Michael CummingsFeatured Columnist IVApril 6, 2017

LONDON, ENGLAND - OCTOBER 27:  Jack Wilshere of Arsenal is pursued by Esteban Granero of QPR during the Barclays Premier League match between Arsenal and QPR at The Emirates Stadium on October 27, 2012 in London, England.  (Photo by Shaun Botterill/Getty Images)
Shaun Botterill/Getty Images

Now that Jack's back, what does it mean for Arsenal?

Jack Wilshere returned to Arsenal's starting lineup at the weekend in the Gunners' 1-0 home victory over Queens Park Rangers in the English Premier League.

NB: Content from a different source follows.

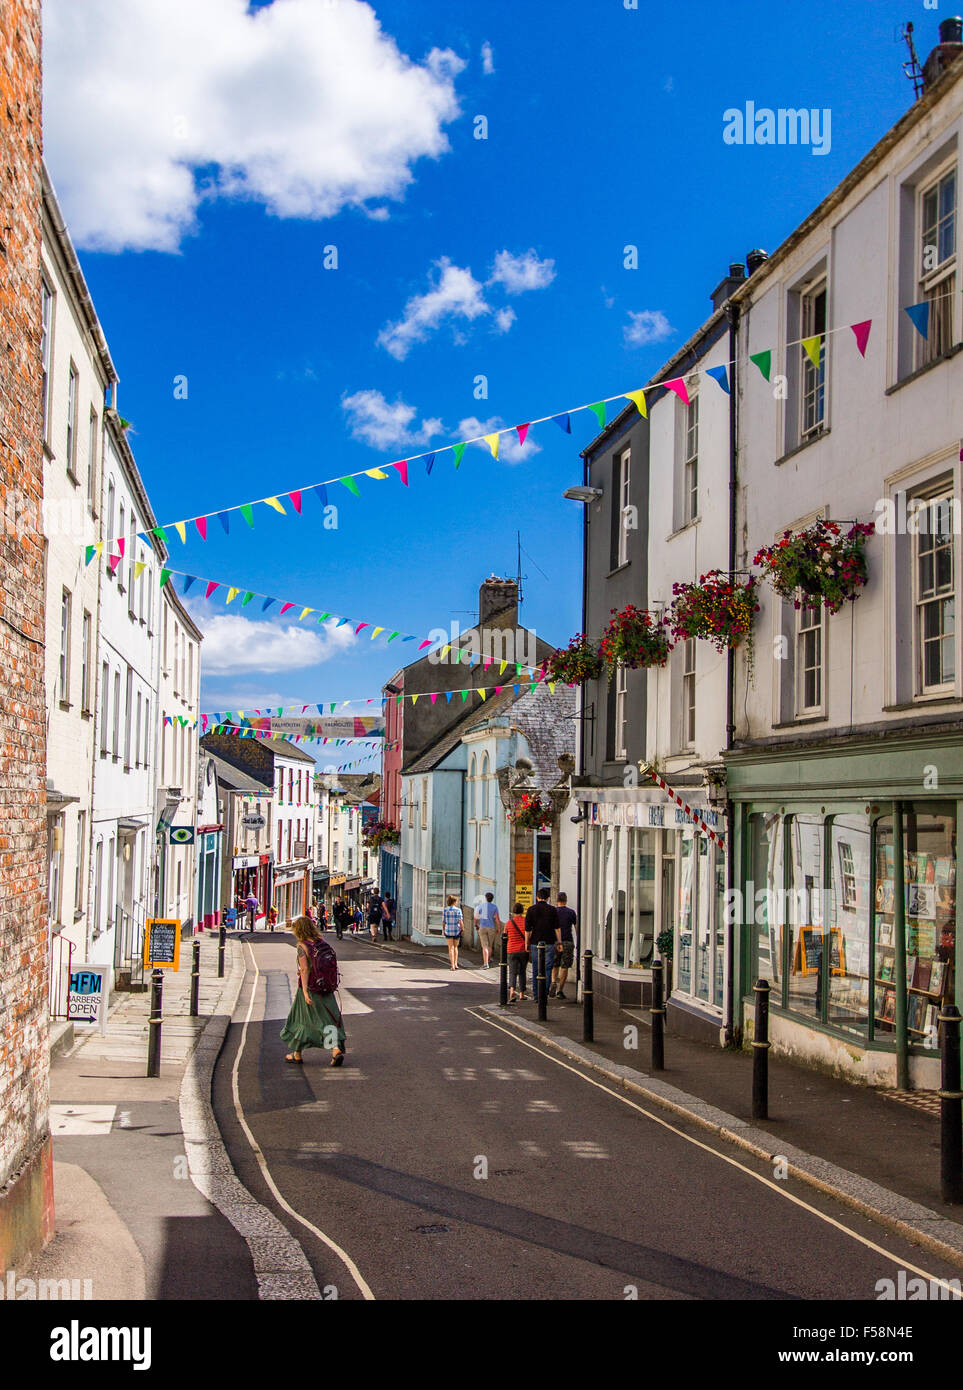 The High Street in Falmouth during the summer decorated with colourful bunting and flower baskets, Cornwall, UK. Stock Photo

The start was Wilshere's first appearance for Arsenal in a first-team match since May 2011.

In the 524 days between first-team appearances, Wilshere had battled through a series of injuries and setbacks. His return lasted 67 minutes, a fact that's not surprising considering the amount of time Wilshere spent away from the lineup.

Wilshere generally played well during those 67 minutes, contributing often to an Arsenal attack that had sputtered in its previous matches against Schalke (in the UEFA Champions League) and Norwich City (in the Premier League).

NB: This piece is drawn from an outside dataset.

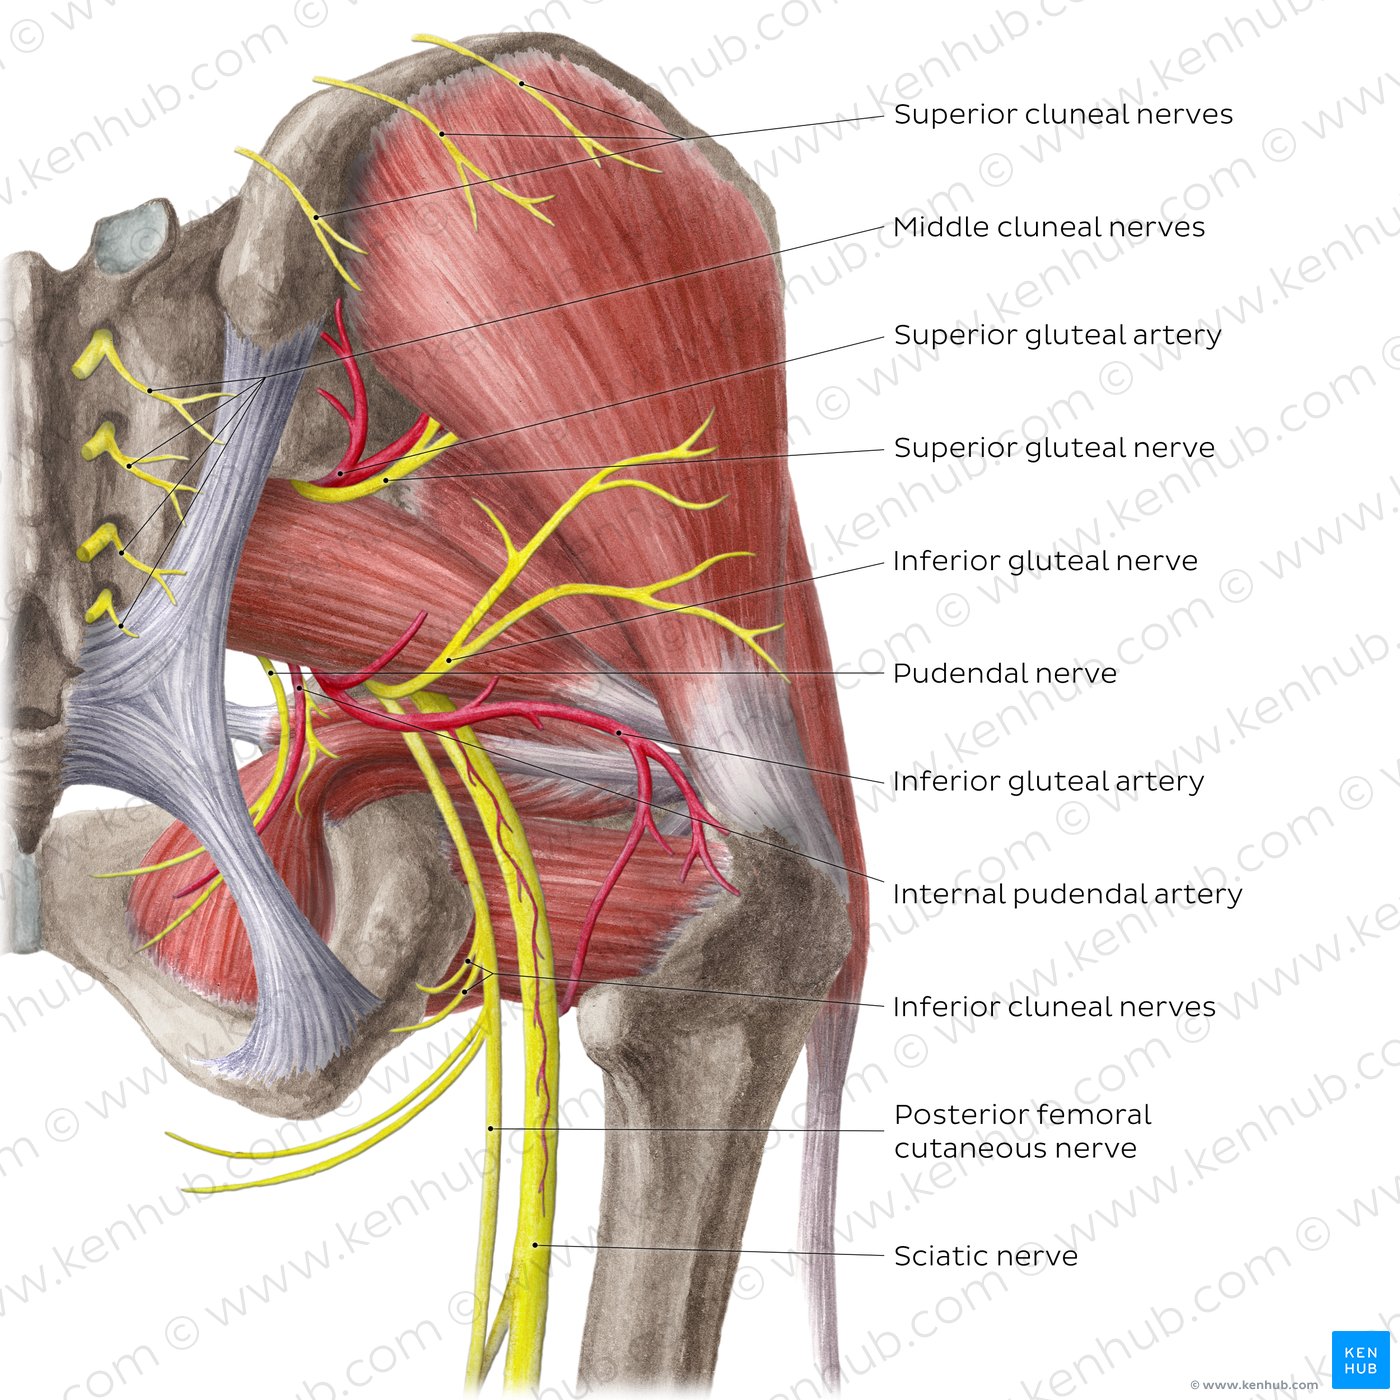 Arteries and nerves of the hip and thigh (posterior view)

The performance drew strong reviews from Wilshere's teammates and manager Arsene Wenger.

“He’s an amazing player,” Arsenal captain Thomas Vermaelen said of Wilshere (via Arsenal.com). “I think he can be one of the best midfielders in the world because what he did in his first year was great.”

Added Wenger (via Arsenal.com):

For the first game it looked quite promising. He plays in a new midfield because the last time he played it was with Nasri, Fabregas and Song. Now he is in a new midfield, and it can take a little bit of time to adjust but that will come quickly.

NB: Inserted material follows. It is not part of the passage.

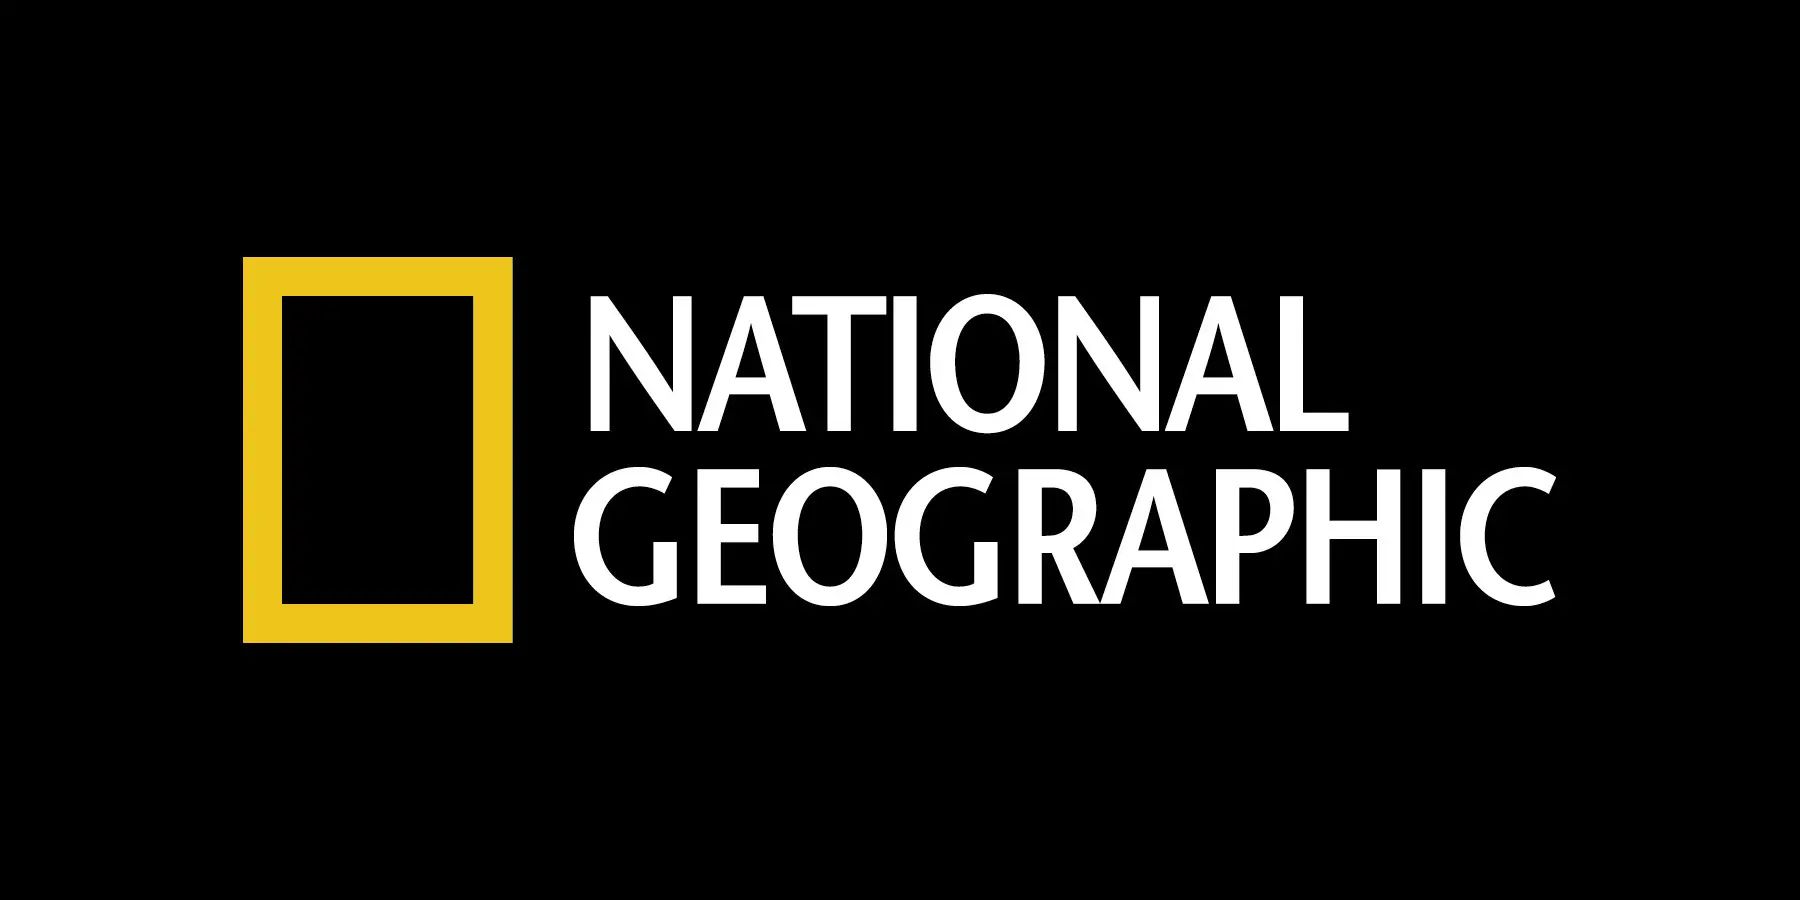 17-intriguing-facts-about-national-geographic

Wilshere himself expressed relief and spoke about the need to continue working hard (via Arsenal.com):

It's been a long journey. As I've just been told, it's been 524 days since my last game. That's a long time, especially not to have any competition. You can play many reserve games but to come back into the Premier League is difficult.

How well did Wilshere perform? What can Gooners expect from the 20-year-old England international's return?

Let's look at the stats.

(Stats via WhoScored.com)

Wilshere completed 93.6 percent of his passes Saturday against QPR. Such a high ratio fits in well with Arsenal's possession-oriented style and should bode well for Wilshere's potential partnership with fellow midfielders Mikel Arteta and Santi Cazorla.

As Wenger pointed out, Arsenal's midfield featured Cesc Fabregas and Samir Nasri the last time Wilshere was healthy. He will need time to develop an understanding with his new midfield mates, but Saturday's stats hint at how successful a midfield of Wilshere, Arteta and Cazorla could be.

Wilshere's touches, key passes, tackles and interceptions on Saturday were slightly down from his 2010-11 averages, but that should not be a serious concern for Wenger. One match is too small a sample size with which to draw conclusions, and Wilshere was probably instructed to avoid unnecessary physical challenges in order to protect himself.

Meanwhile, Wilshere completed four dribbles (up from 1.7 per match in 2010-11) and took one shot (roughly equal) against QPR. Here, too, sample size should serve as a caution, but it's interesting to wonder whether Wilshere has added a new dimension (dribbling) to his game.

All considered, Wilshere's return should serve as an encouraging sign for Arsenal fans weary from defeats to Norwich and Schalke. If he remains healthy, Wilshere should present Wenger with a high-quality option in midfield for the rest of the season and in the years to come.